The posts drew immediate condemnation from Democratic lawmakers. Senate Minority Leader Chuck Schumer wrote on X that "the President of the United States is ranting like an unhinged madman on social media," adding that Trump was "threatening possible war crimes and alienating allies." Sen. Bernie Sanders called the statement "dangerous and mentally unbalanced," noting it came one month after Trump started the war. Sen. Chris Murphy went further, writing that if he were in Trump's Cabinet, he "would spend Easter calling constitutional lawyers about the 25th Amendment." Murphy also warned that Trump "has already killed thousands" and would "kill thousands more."

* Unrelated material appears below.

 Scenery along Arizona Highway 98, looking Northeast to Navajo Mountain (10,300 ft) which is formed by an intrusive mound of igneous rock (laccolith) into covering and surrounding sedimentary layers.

CNN anchor Jake Tapper read the Truth Social post on air, prefacing it with a warning to parents watching with children before noting that the threatened destruction of civilian power infrastructure could constitute a war crime under international law.

Trump's Easter outburst came hours after a dramatic Special Forces rescue mission extracted both crew members of an F-15E Strike Eagle shot down by Iranian forces on April 3, the first American fighter jet downed in combat in over 20 years. A CIA deception campaign helped locate a second crew member, a colonel, hiding in a mountain crevice before Special Forces extracted him. Trump announced the rescue with "WE GOT HIM!" on Truth Social, calling it "one of the most daring Search and Rescue Operations in U.S. History."

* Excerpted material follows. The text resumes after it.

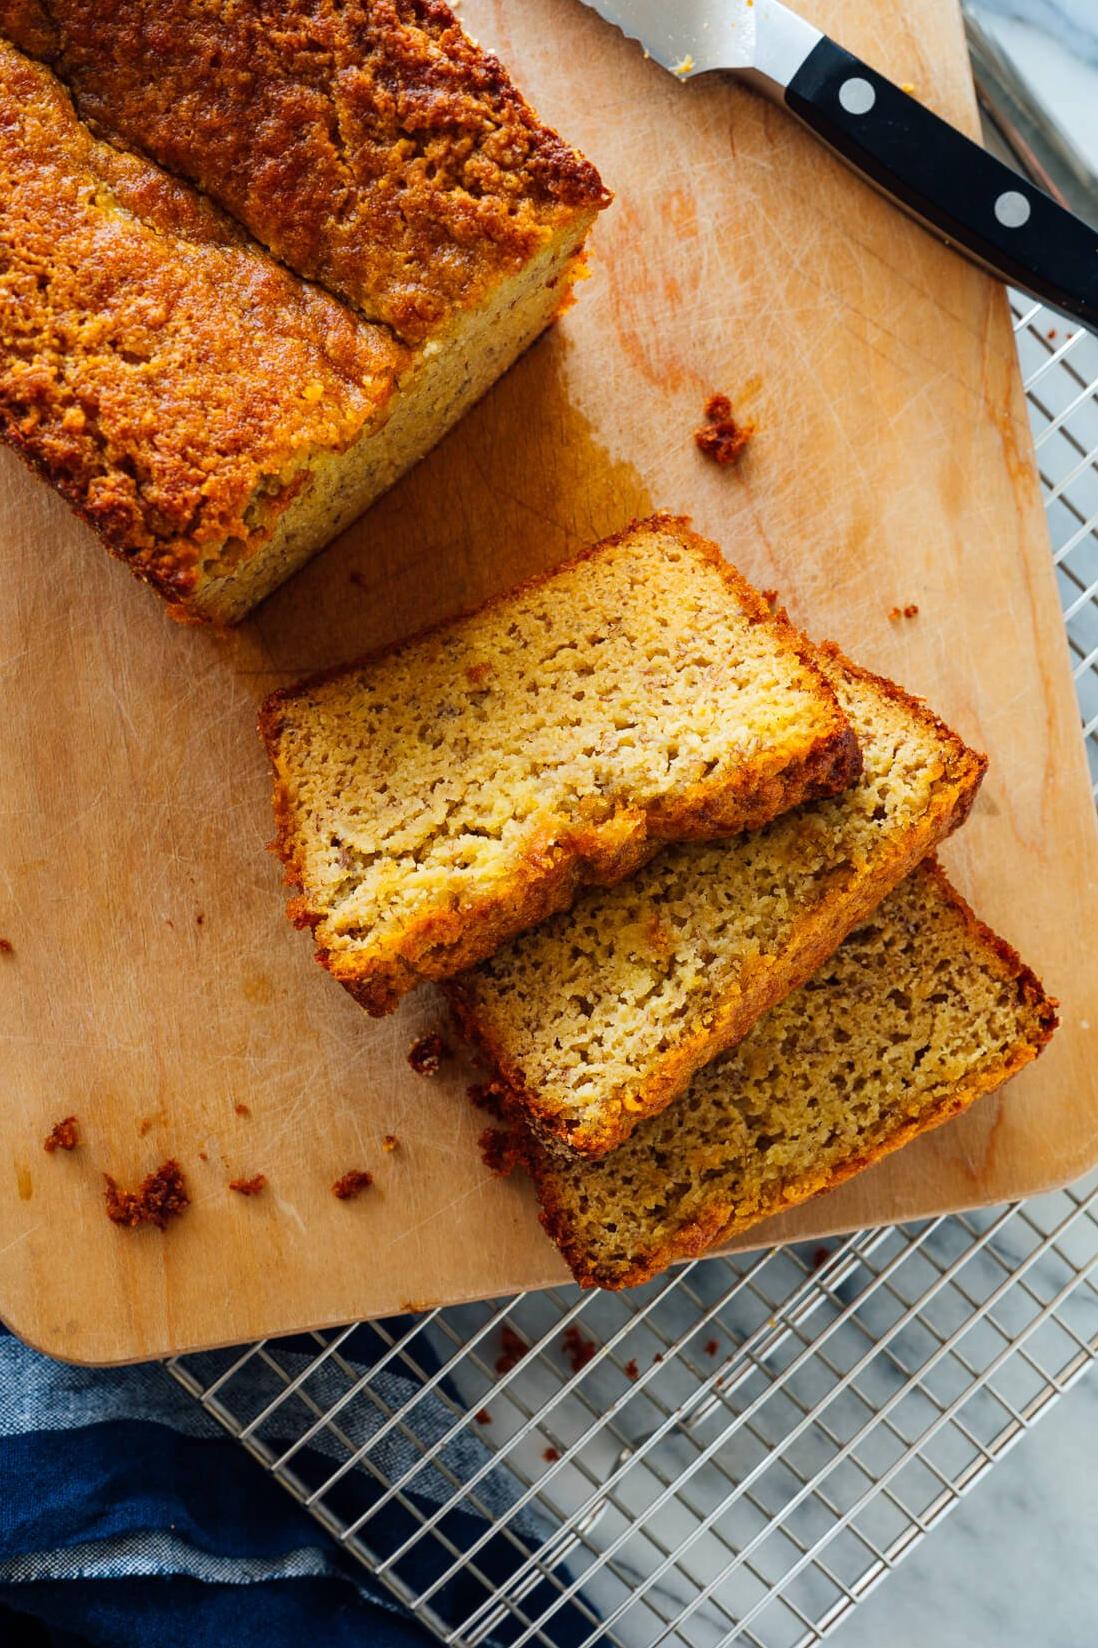  Simple ingredients, amazing flavor: This recipe proves that baking doesn't have to be complicated

Iran showed no sign of softening its position. Ali Akbar Velayati, a key advisor to Iran's new Supreme Leader Mojtaba Khamenei, the son of assassinated Supreme Leader Ali Khamenei, threatened that Iran could also close the Bab al-Mandab Strait, the waterway connecting the Red Sea to the Gulf of Aden, a move that would extend the scope of global shipping disruption well beyond the Persian Gulf. Iran's regional strikes had already damaged Kuwait's oil headquarters and forced the shutdown of an Emirati petrochemicals plant.

The stakes around the Strait of Hormuz are staggering. Roughly 25 percent of global seaborne oil trade and 20 percent of the world's liquefied natural gas passed through the strait annually in recent years. In 2022, oil flow averaged 21 million barrels per day, representing about 21 percent of global petroleum liquids consumption. The Dallas Federal Reserve Bank has characterized the closure, which has been in effect since Iran sealed the strait in retaliation for the February 28 airstrikes that launched the war and killed the elder Khamenei, as one of the most significant geopolitically driven oil supply disruptions in modern history.

Tuesday's 8 p.m. deadline was not Trump's first. He had given Iran a 48-hour ultimatum on March 21 and a separate 10-day deadline set to expire the day before Easter. Both passed without military action. Whether the same pattern holds again will define the next phase of a conflict now entering its sixth week with no diplomatic off-ramp visible.